A Guerra e Paz Editores quer celebrar essa data. E vai fazê-lo, com vozes
não oficias, não oficiosas. São as vozes, as letras e as imagens de três livros
– antes, durante e depois – para lembrar aos leitores portugueses que a
Revolução de Outubro faz cem anos.
O editor da Guerra e Paz, Manuel S. Fonseca, dá a palavra aos factos numa
cronologia que tem o único título que poderia ter – Revolução de
Outubro – e que começa com o enforcamento do irmão de Lenine,
condenado pela falhada tentativa de assassinar o czar Alexandre III, para
acabar, em 1924, com a entrada do corpo embalsamado de Lenine no mausoléu que
ainda hoje o guarda. Falam os factos e falam os protagonistas desse período
heróico em que, de Fevereiro a Outubro, de uma Revolução a outra, a Rússia
viveu, nas cidades e nos campos, uma intensa e delirante democracia, em mil
formas de associações. A mesma democracia, livre associação e participação que,
depois de Outubro, foi silenciada e subsumida ou esmagada em organismos ocos e
oficiais, de musgosa burocracia. Será, então, que Outubro foi mesmo uma
Revolução? Plekhanov, o pai fundador do marxismo russo, achava que não. As
teses bolcheviques eram, segundo ele «uma alucinação histórica» e continham o
vírus totalitário da intolerância.
Sem Lenine, sem a sua obsessão, não teria havido a Revolução de Outubro.

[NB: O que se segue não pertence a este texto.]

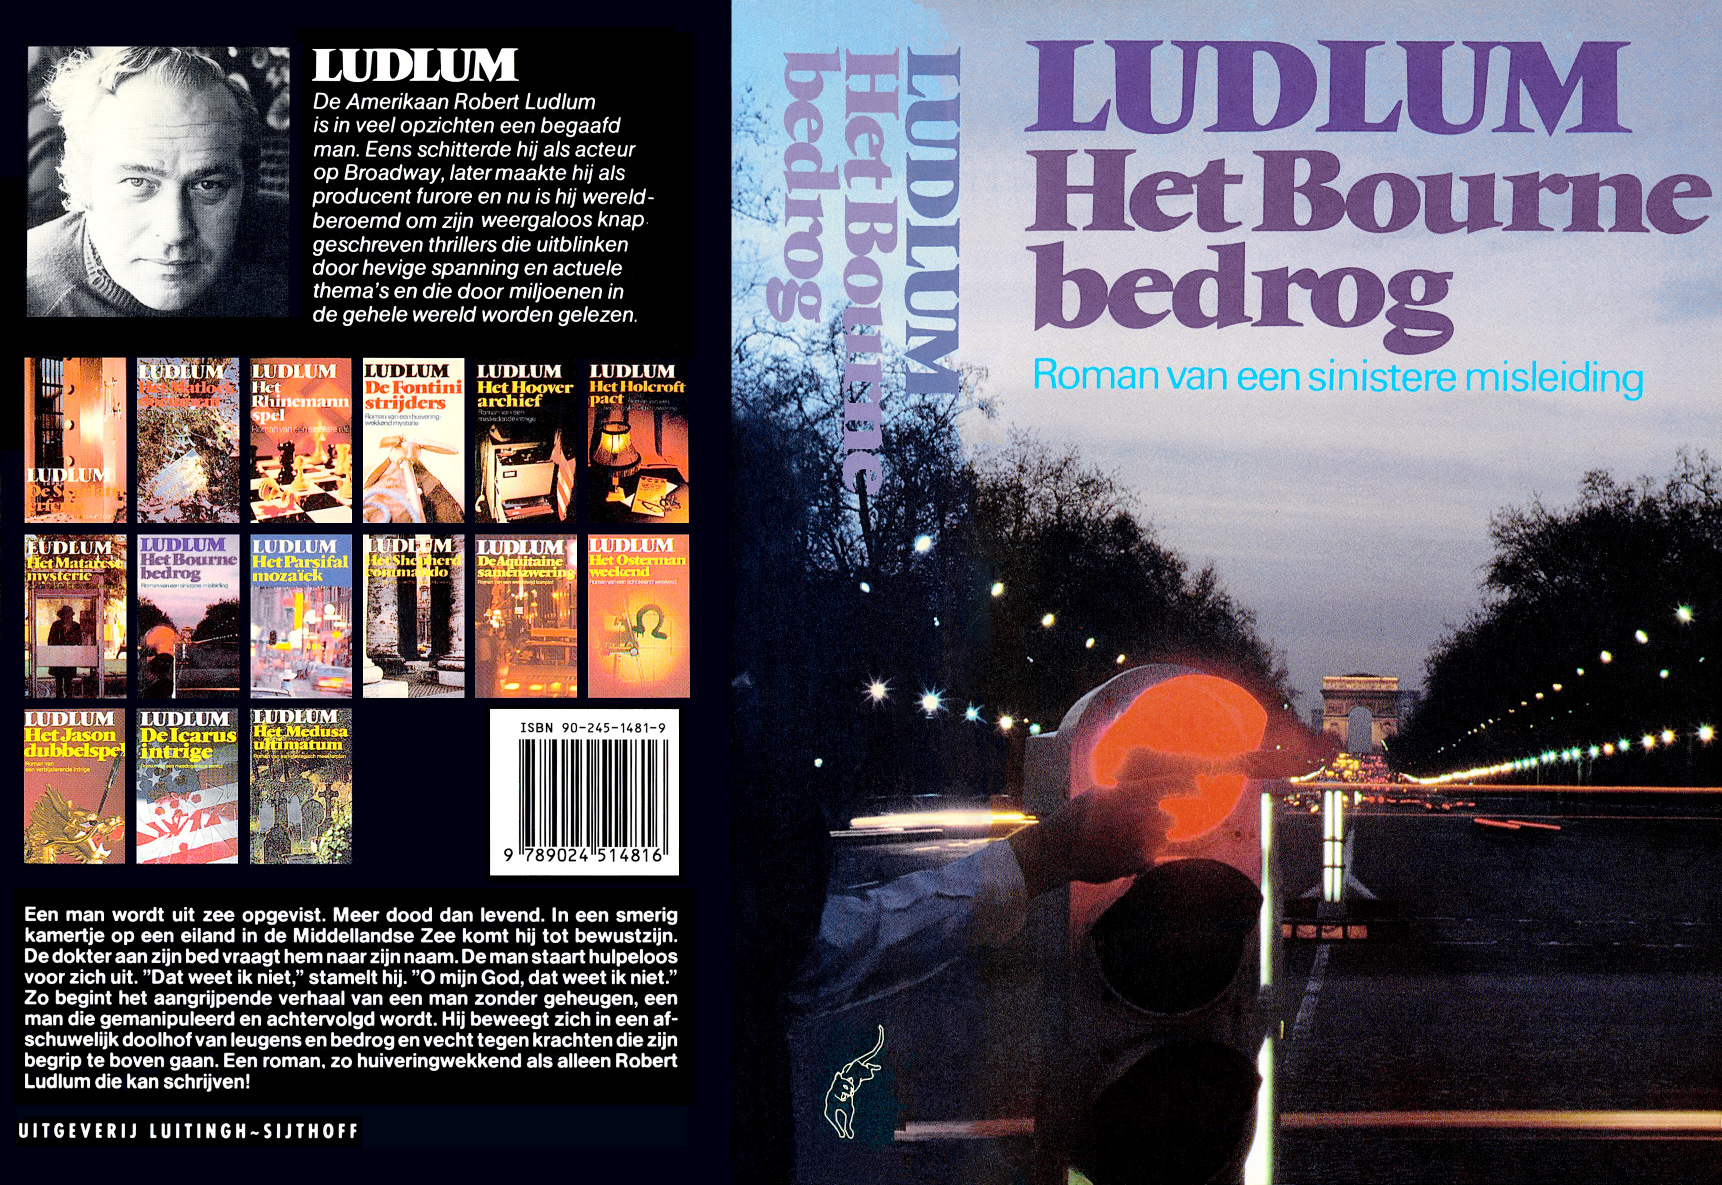 Robert Ludlum - Het Bourne bedrog (1980) by NA

Maksim Gorki, que foi amigo de Lenine e companheiro dos bolcheviques, escreveu,
em 1917: «Lenine não é um mágico omnipotente, mas um conspirador de sangue
frio, que não tem piedade nem pela honra, nem pela vida do proletariado. Os
trabalhadores não devem deixar que aventureiros loucos lancem sobre a cabeça do
proletariado crimes desgraçados, insensatos e sangrentos, crimes pelos quais
pagará o proletariado, e não Lenine.»
A Revolução de Outubro é um livro que, deixando falar os
factos, não pode deixar de se interrogar: e se o assalto dos bolcheviques ao
poder, se o golpe de estado de Outubro de 1917, perpetrado pelos bolcheviques,
esse pequeno partido extremista que, para a Rússia, não seria maior do que o
MRPP era em Portugal no 25 de Abril, foi afinal uma contra-revolução?
Com capa dura, 160 páginas a vermelho e negro, com 102 fotos e as três
faces do miolo pintadas manualmente, este é um livro que nos oferece, dia a
dia, a marcha da revolução.
Outros dois livros oferecem-nos também uma perspectiva incomum da
Revolução. Em primeiro lugar, um romance que antecedendo a Revolução instilou
nos espíritos o ideal da luta por um mundo melhor, o ideal do papel
progressista do revolucionário. A Guerra e Paz vai publicar, pela primeira vez
em Portugal, o romance O Que Fazer?, de Nikolai Tchernichevski. O
herói desse livro, Rakhmetov, inspirou Lenine. Esse herói era, como o
historiador Orlando Figes, o descreveu, «um puritano e ascético: numa certa
ocasião chega mesmo a dormir numa tábua de pregos para oprimir o seu impulso
sexual». Lenine encontrou em Rakhmetov, a sua referência revolucionária e, em
homenagem a ao romance, copiou o título, O Que Fazer?, para um dos
seus livros de ensaios. Marx aprendeu russo para poder ler o romance e, afirma
Figes, a história de Tchernichevski fez mais pelo ideal e pela causa
revolucionárias do que todas as obras de Marx e Engles juntas.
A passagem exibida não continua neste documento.